The United States has warned of serious consequences if Ortega is re-elected, and in
May the State Department quietly urged other parties to rally around a single
candidate to oppose Ortega, so as not to split the anti-Ortega vote.

Ortega insists the U.S. fears are misplaced. He says he is a changed man, and
although he remains a socialist, he now realizes that the Sandinistas erred in
excessively closing the economy during their rule, instituting enormous public
subsidies and expropriating private businesses.

At a recent Sandinista rally, an American flag even appeared alongside the
red-and-black Sandinista banner.

"This is a different Ortega from that of the 1980s," Ortega's running mate, Agustin
Jarquin, said in an interview Saturday. "This Ortega admits that he made some
mistakes, and that he needs to learn from them."

Jarquin, a Christian Democrat leader who was jailed six times in the 1980s for his
opposition to Ortega, said that despite Ortega's Marxist-Leninist philosophy, he has
embraced the free market as a necessary force in the modern world.

"Maybe after a long guerilla war, when you become coordinator of the government
at the age of 33, it's easy to believe you own the truth, it's easy to become cocky,"
Jarquin said. "But I think time has taught him that nobody owns the truth."

Many Nicaraguans are willing to give Ortega a second chance.

"It won't be the same as it was before. The past is past," said Luis Denis, a
40-year-old carpenter. "This time it will be democratic."

For his official opening campaign rally, Ortega sacrificed the huge crowds of the
capital -- a Managua celebration of the Sandinista revolution last month drew more
than 100,000 people -- for the symbolism of Nicaragua's Caribbean coast, a
desperately poor area where the Contras had wide support in the 1980s.

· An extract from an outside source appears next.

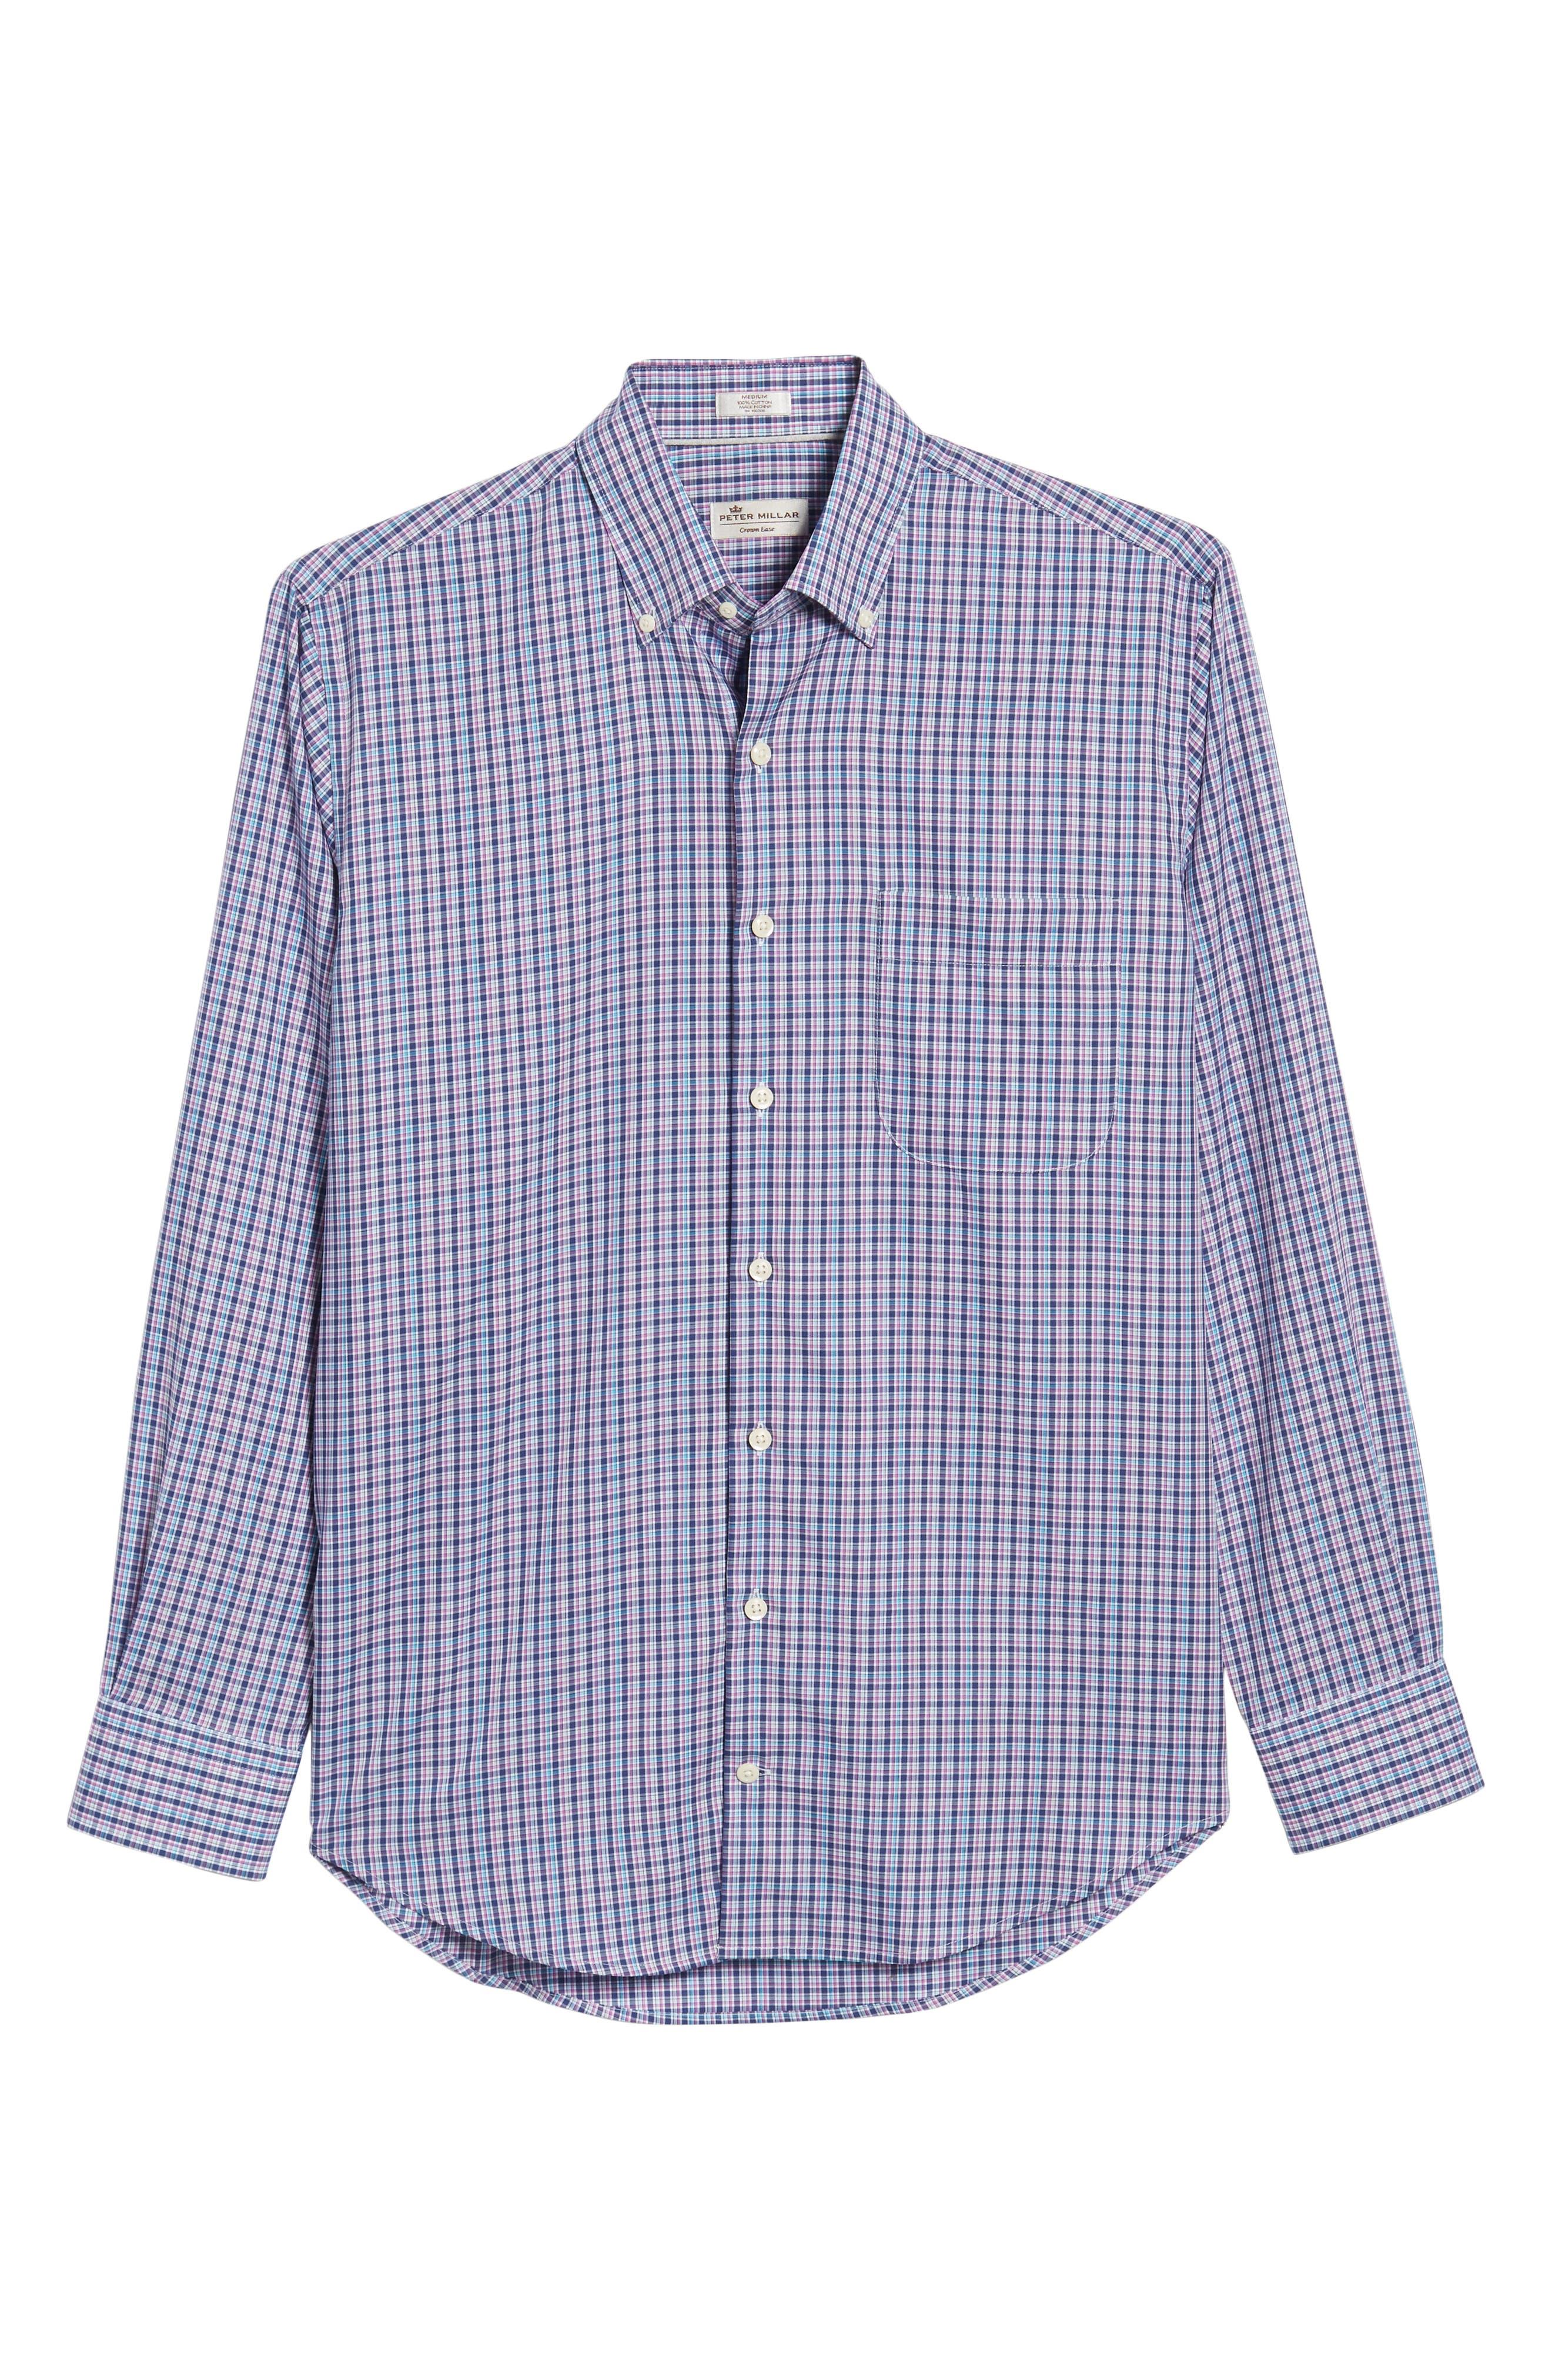 PETER MILLAR,                             Crown Ease Kaci Plaid Sport Shirt,                             Alternate thumbnail 6, color,                             400

The area, a sparsely populated cross-section of Miskito Indians, blacks whose
ancestors came from the West Indies and mestizos, has been largely forgotten by
Nicaragua's governments, and poverty amid the region's dirt roads and wooden
shacks is dire.

Ortega was meeting with Indian leaders allied with the former Contras to win what
would be a highly symbolic victory for his candidacy.

"This is the area that suffered most in the 1980s," said Humberto Campbell, a
regional Sandinista leader. "It's an important symbol of reconciliation that the
(Sandinista) Front and local leaders can come together."